1 in 4 IT pros experienced a ransomware attack – 21% happened in the last year

The Rate of Ransomeware Attacks Experience
The survey revealed that 23.9% of IT professionals say their organization has been the victim of a ransomware attack. This indicates that ransomware attacks are steadily rising in comparison to last year where just 21.1% of IT professionals reported such an incident. We also found that 21% of all the reported ransomware attacks occurred over the last 12 months. This amounts to 5% of surveyed IT professionals having experienced a ransomware attack in the last year alone. While at first glance this might not seem like much, it means that just over the last 12 months, 1 in 20 companies has faced an attack. We believe that this slight uptick in incidence may be the result of two factors. The first being the fact that these attacks continuously prove to be lucrative for cyber criminals as organizations struggle to keep up. The second is the increasing adoption rate of hybrid cloud technology. According to our own Hybrid Cloud Adoption survey data, organizations have steadily increased their use of cloud technologies. More IT teams are relying on cloud-based platforms such as Microsoft 365 and Google Workspace, thinking that the stock security features will protect them from security threats.

14.1% of ransomware victims lost data, 6.6% had to pay the ransom

Of all the respondents that reported a ransomware attack, 1 in 7 (14.1%) indicated that their organization decided to either cut their losses and abandon the data that was ransomed, or they managed to recover some – but not all – of the compromised data. A further 6.6% of respondents said their organization was left with no choice but to pay the ransom. The rest were able to recover all their data from protected backups. Available industry data from IBM also indicates that data breaches such as ones caused by ransomware attacks are not only more frequent, but more costlyl. Major data breaches in 2022 cost their victims an average of $4.35 million, a 2.6% rise from the 2021 average of $4.24 million. This takes into account the potential ransoms paid, the cost of the significant down-time that a data breach can cause, and industry fines that can be levied against companies that fail to protect sensitive data.
Damage Caused by Ransomware Attacks

What is the most common source of ransomware attacks?

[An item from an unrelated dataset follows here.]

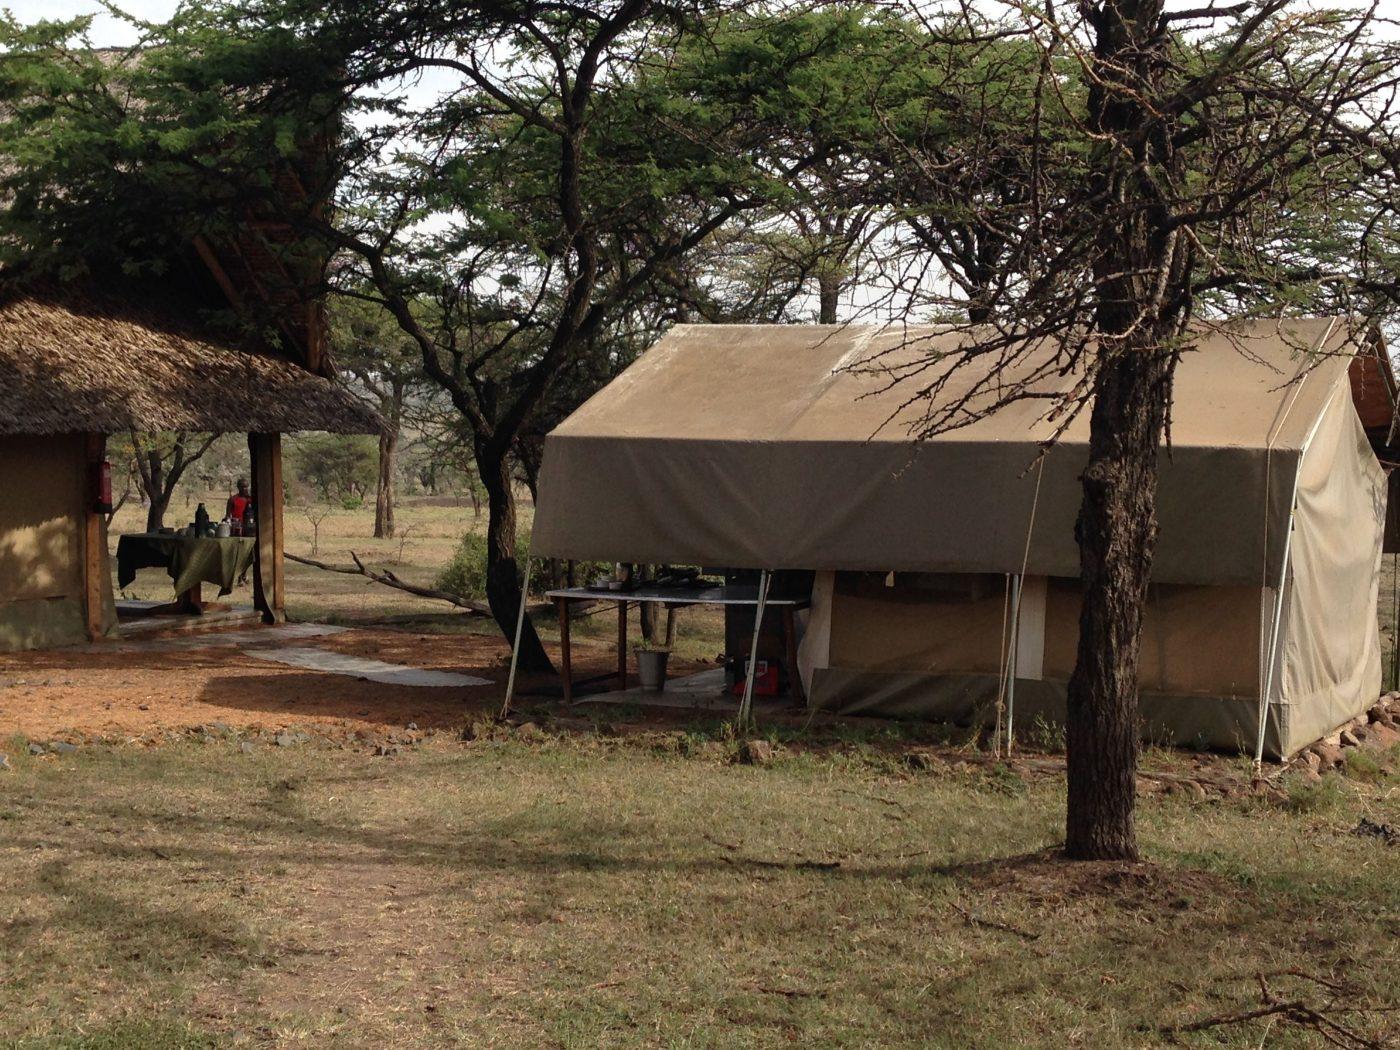 Safari Lodges in Kenya: Naboisho Camp Tent from outside

Most Common Source of Ransomware Attacks
For any of this survey’s ransomware data to be actionable, we needed to understand the source of these attacks. 6 in 10 (58.6%) of the reported ransomware attacks were the result of malicious email or phishing attacks. This comes as no surprise, considering that the survey also revealed that 27% of organizations do not provide end-user training on how to recognize and flag potential ransomware attacks. Furthermore, only 61.4% of organizations make use of email filtration and threat analysis technology. Cybercriminals will always target an IT infrastructure’s weakest link, and in most cases that link is the end user. Last year, we ran a survey focused on email security that found that 62% of email security breaches were caused by user-compromised passwords and successful phishing attacks. This indicates that when it comes to understanding how to prevent ransomware attacks, IT professionals need to start with the users. Other sources of ransomware attacks include ‘compromised endpoints’ (16.4%), ‘poor perimeter security’ (7.7%), ‘social engineering’ (7.2%), and ‘exploits (zero-day or other)’ (6.4%).

Can Microsoft 365 data be impacted by a ransomware attack?

As mentioned earlier, organizations are increasingly investing in cloud platforms for their IT infrastructure. In fact, our own Hybrid Cloud Adoption survey from earlier this year indicated that over half of IT professionals (54.8%) predicted their organization’s IT infrastructure would either be ‘cloud native’ or ‘mostly in the cloud’ within the next 5 years. However, there seems to be a lack of knowledge surrounding the security systems required by a cloud-based system. 1 in 4 respondents (25.3%) either don’t know (19.7%) or don’t think (5.6%) that Microsoft 365 data can be compromised by a ransomware attack. In reality, unsecured cloud-platforms are just as vulnerable, if not more so , than on-premise IT infrastructures. Third-party security solutions, like Hornetsecurity’s own 365 Total Protection suite, are practically a must for organizations to ensure their cloud data is properly protected.
Can Ransomeware Attacks impact Microsoft 365?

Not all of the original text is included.